Гольдштейн Александр Леонидович

Шрифт:

Этой литературе, обладающей нынче преимущественным кредитом доверия, незачем эпатировать читателя: эпатаж тоже сейчас не проходит. Он, как правило, смешон и провинциален. Эпатирование чересчур проникнуто ситуацией борьбы, жестокого противостояния; эта ситуация никогда не исчезнет, но так ли она интересна в своем эстетическом качестве, не является ли ее острота иллюзорной? Ведь ни один из истеблишментов уже не боится гневных выкриков себе в рожу. Истеблишмент сглатывает их с терпеливой улыбкой, он их тщательно пережевывает, помогая толерантному обществу, а потом переваривает в своей медной утробе, сияющей блеском котлов египетских; переварив же, награждает обидчика тошнотворным плевком какой-нибудь замечательной премии, присуждаемой за гражданское мужество и немеркнущий вклад в совокупность заслуг. Ты желаешь бороться, а слышишь в ответ, что на дворе весна с угощеньицем, и тебя окружают сплошные друзья, которые ждут не дождутся усадить тебя за один стол с теми, которых один только вид способен надолго повергнуть в депрессию и заставить всерьез устрашиться: что же я сделал такого, если тоже сподобился приглашения на этот гадкий пир с официальными возлежаниями и услугами юных рабов и рабынь (кому что по вкусу).

Успокойтесь: вы не сделали

ничего. Это время такое. Избраны, званы и призваны нынче решительно все. Потому что давно уже понял литературный и всякий прочий начальник исчезнувших ценностей великую тайну любви и коварства — любви, которая убивает; и он присосался к тебе, призывая расслабиться и получить удовольствие, внушая интимнейшим шепотом, что вся борьба позади, а теперь он сугубо готов к лобызаниям. «Ведь были ж схватки боевые», — неуверенно бормочете вы, испытывая головокружение от объятий. «Да говорят еще какие, — охотно соглашается он, поправляя подушку. — Но это было раньше, в плюсквамперфектум, до постисторического материализма». И до чего же он прав, как тяжело пожатье ласковой его десницы (я умираю, донна Анна?). Поэтому литература существования лучше литературы борьбы, вернее, она включает последнюю как меньших размеров матрешку — в том случае, если в младшенькую не забыли вложить мозги.

И она много лучше литературы «новой искренности» (или «новой чувствительности»), этого чахлого детища истощенных чресел русского постмодерна.
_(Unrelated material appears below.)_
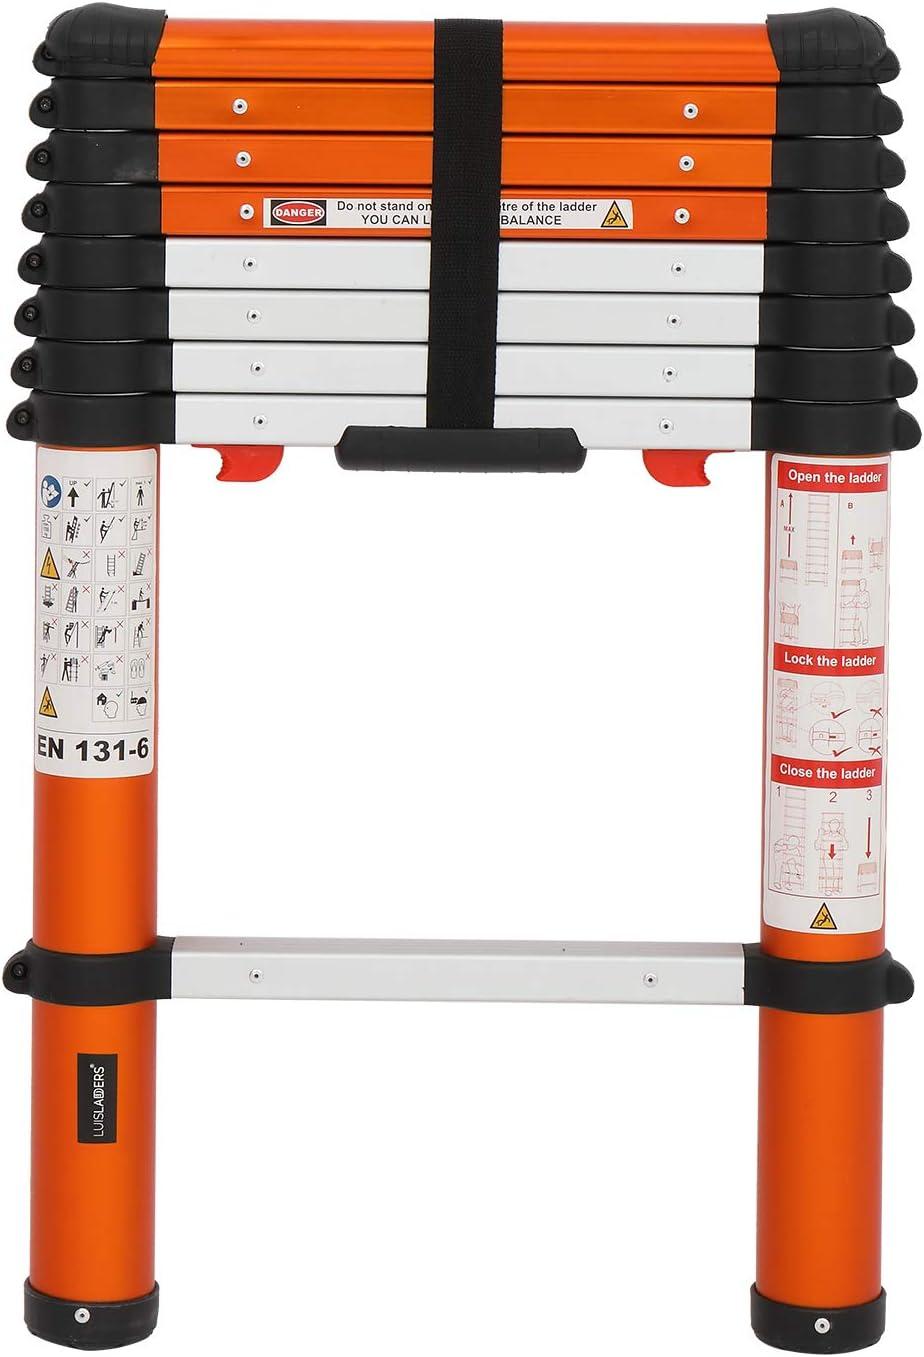 Luisladders Telescoping Ladder Multi-Use Telescopic Extension Ladder

Зачем она вообще сдалась, «новая искренность», если и за старую Джон Шейд справедливо снижал оценки студентам? А нужна она, скажут ее апологеты, потому, что без нее как-то не получается, не вытанцовывается, не выходит; без нее, кто бы мог подумать, не проговариваются какие-то важные вещи, потребность в высказывании которых до сих пор не угасла. Эта новая чувствительность, продолжат они, нужна еще и затем, что в мире опять накопилось очень много одиночества, и хотелось бы раздвинуть его с помощью слова — нагого, исповедального и простого, содравшего с себя привычные наслоения литусловностей, в том числе постмодерных, скажут они. Кому адресовано это слово? По всей вероятности, тем, кому оно действительно нужно, тем, кто устал от звонких, но необеспеченых слов, кто более заинтересован в «послании», нежели в «литературе». О, разумеется, эти люди не настолько наивны, чтобы не понимать, что в последней искренности и простоте литературы ничуть не меньше, чем в любом проявлении художества, что это тоже словесность, осанка и даже поза. Но в этой осанке, предполагающей говорение из одиночества, персональную, а не персонажную речь, есть сегодня признаки подлинности или предвестия их, скажут апологеты. Странное словосочетание «новая искренность» выглядит оксюмороном, продолжают те, кто его придумал. Разве может чувство быть новым или старым, разве оно всегда не одно и то же? Однако в такой неуклюжести кроется несомненная правда, не боящаяся противоречий и выносящая их наружу, дабы можно было острее почувствовать конфликтность явления. Искренность эта потому называется новой, что старой уже быть не может, ибо старая трепыхалась еще до смерти литературы. Иными словами: новая чувствительность отлично сознает свою невозможность. Новая речь (не следует путать ее с новоречью), звучащая после окончания всех слов и речей, знает, что она невозможна и обречена на молчание. И в диалектике немоты и столь же неизбежного и абсурдного ее преодоления прячется основной инстинкт современного слова, говорят сторонники этой литературы. Того самого слова, которое якобы прошло через смерть, возродилось и, отряхнув прах иронии, приготовило себя к новой участи — быть полпредом чувствительных созерцаний, не стыдящихся слабости, в этой слабости находящих ловкую силу: «Лев Семеныч, будь мужчиной, не отлынивай от слез» (Кибиров).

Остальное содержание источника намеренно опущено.